The bill would also protect people whose sentences were commuted by the governor. And, where the unsuccessful VISION Act also would have banned transfers from local jails to ICE, the HOME Act only focuses on restricting transfers by the California Department of Corrections and Rehabilitation, or CDCR.

Sponsored

Immigration agents could still track people down once they are back in their communities, take them into custody and initiate deportation proceedings. But California authorities would be limiting their participation in the process. Illinois, Oregon and Washington, D.C., have already ended prison-to-ICE transfers.

Law enforcement concerns

A spokesperson for ICE said the agency does not comment on pending legislation. But on background, she added that immigration detainers, leading to transfers within the controlled environment of a prison or jail, are “a critical public safety tool” that conserves government resources and protects the public from the risk that the person will reoffend.

On average, nearly 1,600 people come out of state prison each year with an immigration detainer that leads to their transfer to ICE to be deported, according to an estimate by state Senate staff.

Police and sheriffs’ groups opposed the broader VISION Act in the last legislative session. In a joint statement, they said, “We are also not arguing that immigrants somehow pose any more threat than citizens or asking to involve immigration authorities in low-level offenses. However, there should be a point, in the most egregious cases, where we do not provide protections for dangerous persons from enforcement.”

A spokesperson for the Peace Officers Research Association of California said the group’s board had not yet considered its stance on the HOME Act, which generally would not shield people deemed “dangerous” from ICE, but he expected board members to take it up at their next meeting.

The VISION Act failed in the state Senate last year by three votes, with all Republicans and three Democrats voting against it, as well as nine Democrats who did not vote.

None of the three Senate Democrats who opposed the VISION Act — Susan Eggman, Steve Glazer and Bill Dodd — would comment on the HOME Act.

Ending double punishment

Carrillo, author of both the VISION Act and the HOME Act, noted that this year’s version is much more narrowly focused, and that she’s hopeful it will win widespread support with last year’s holdouts and newly elected lawmakers.

“At the end of the day, we are saying that the state of California will treat all people equally, regardless of where they were born,” she said. “We also want the Biden administration to acknowledge what we’re doing in the state of California and figure out a way in which ICE is not being used as a tool to further incarcerate immigrants.”
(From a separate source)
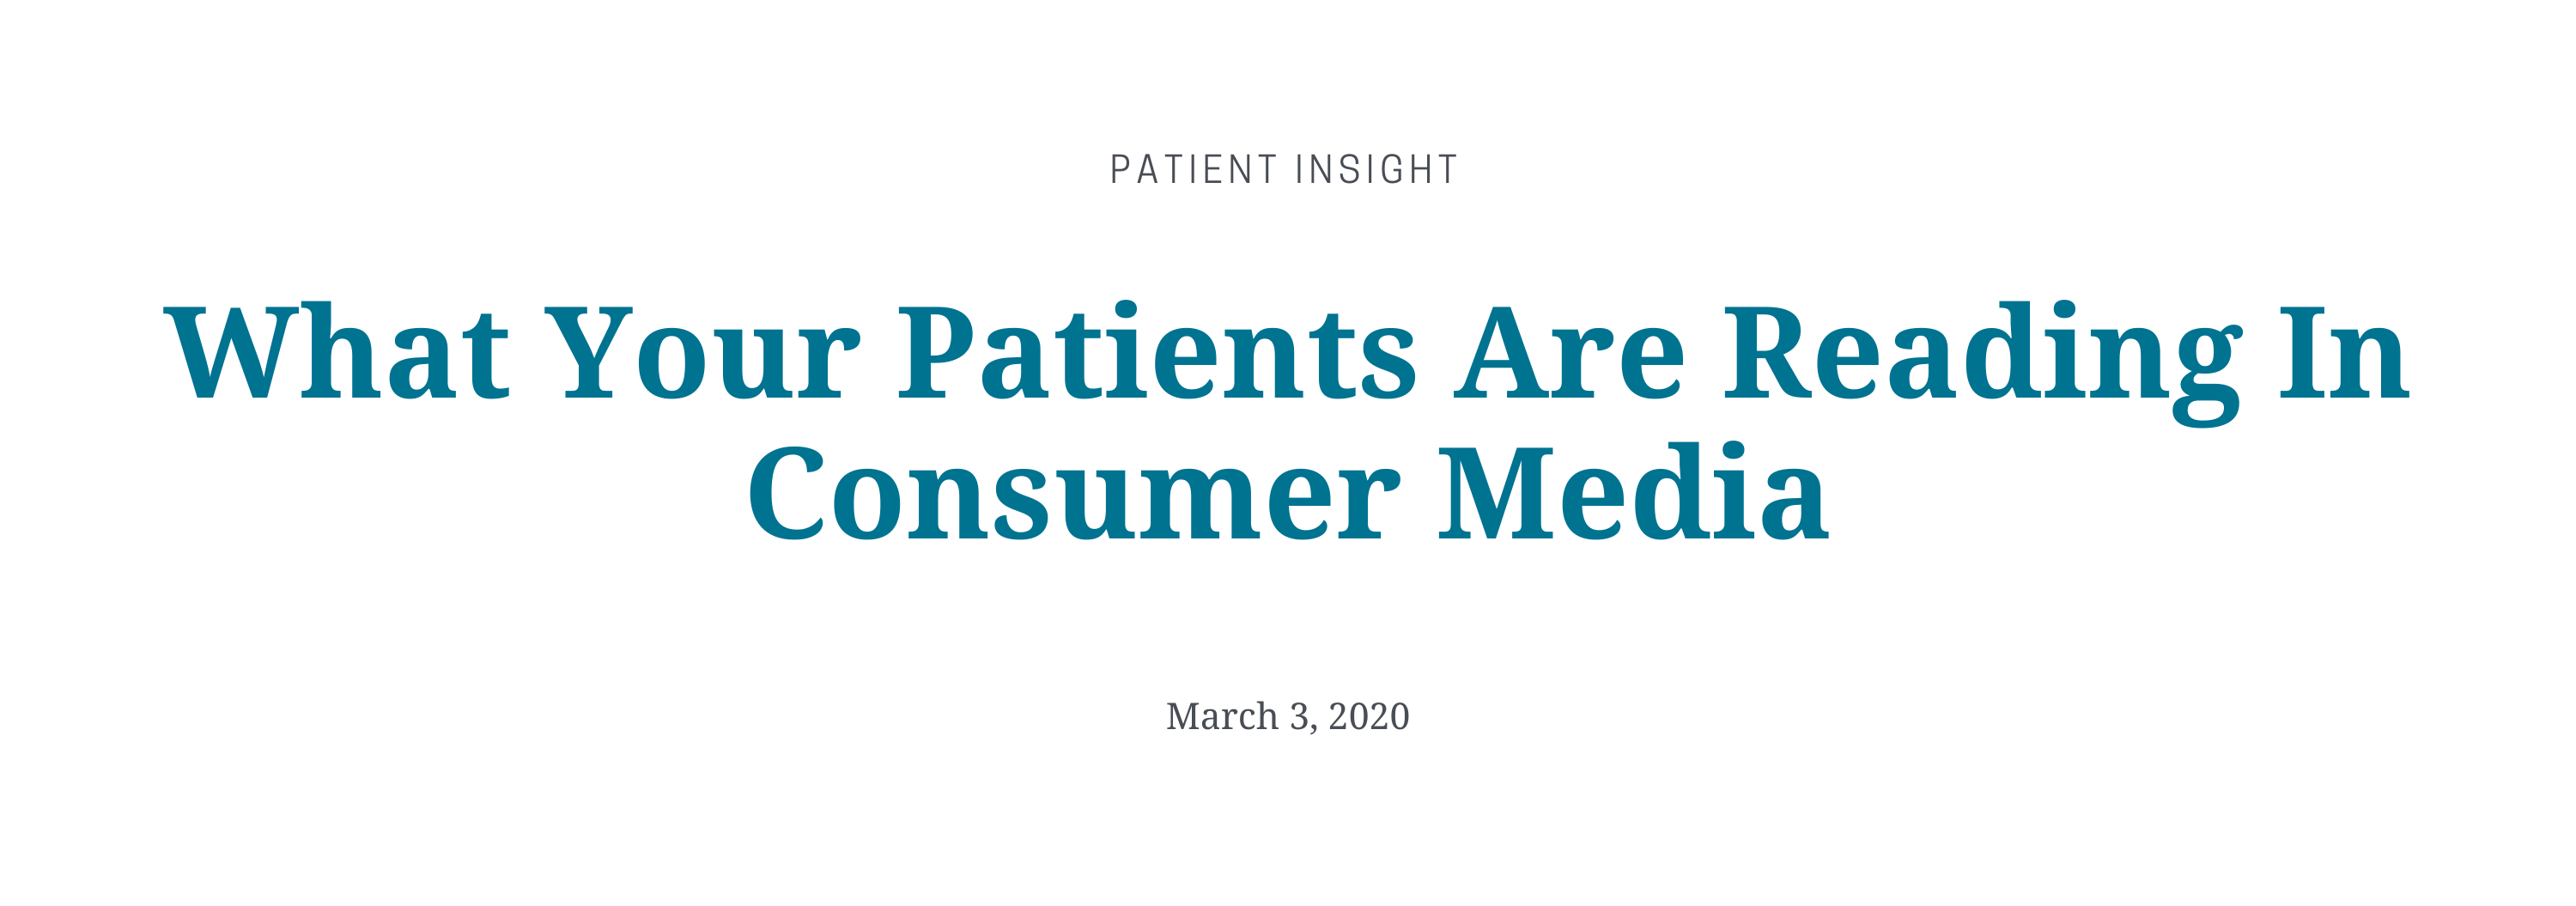 Patient Insight March 3

Angela Chan, an immigration expert at the San Francisco Public Defender’s office who helped craft the bill, said the Legislature overwhelmingly supported the recent criminal justice reforms with a recognition that excessive sentencing was harming Black and Latino communities — and she hoped they would see that turning immigrants over to ICE subjects them to a double punishment.

The bill “gets our legislative members and the governor to really think about these individuals that are being turned over to ICE as human beings, as people who have gone through a lot … domestic violence survivors, young refugees, elderly folks, people with medical conditions,” she said. “And [it’s cause] for them to think about the harm to both these individuals and to their families and communities, when we allow our state resources to turn them over to ICE once they’ve earned release.”

Castañeda took time off from her job in a reentry program run by Homeboy Industries to catch a ride from LA to the state Capitol on Monday with Tin Nguyen, whose life sentence also was commuted by Newsom and who is also scheduled to address the Assembly Public Safety Committee.

“I’m working, helping my community as much as I can,” said Castañeda, who hopes to study and become an immigration law paralegal. “It’s sad that they want to go after people like that. We messed up and we’re trying to give back and fix it and help other people. I get it that not everybody comes with that mentality, but a lot of us do … We had to work hard to be able to get a second chance.”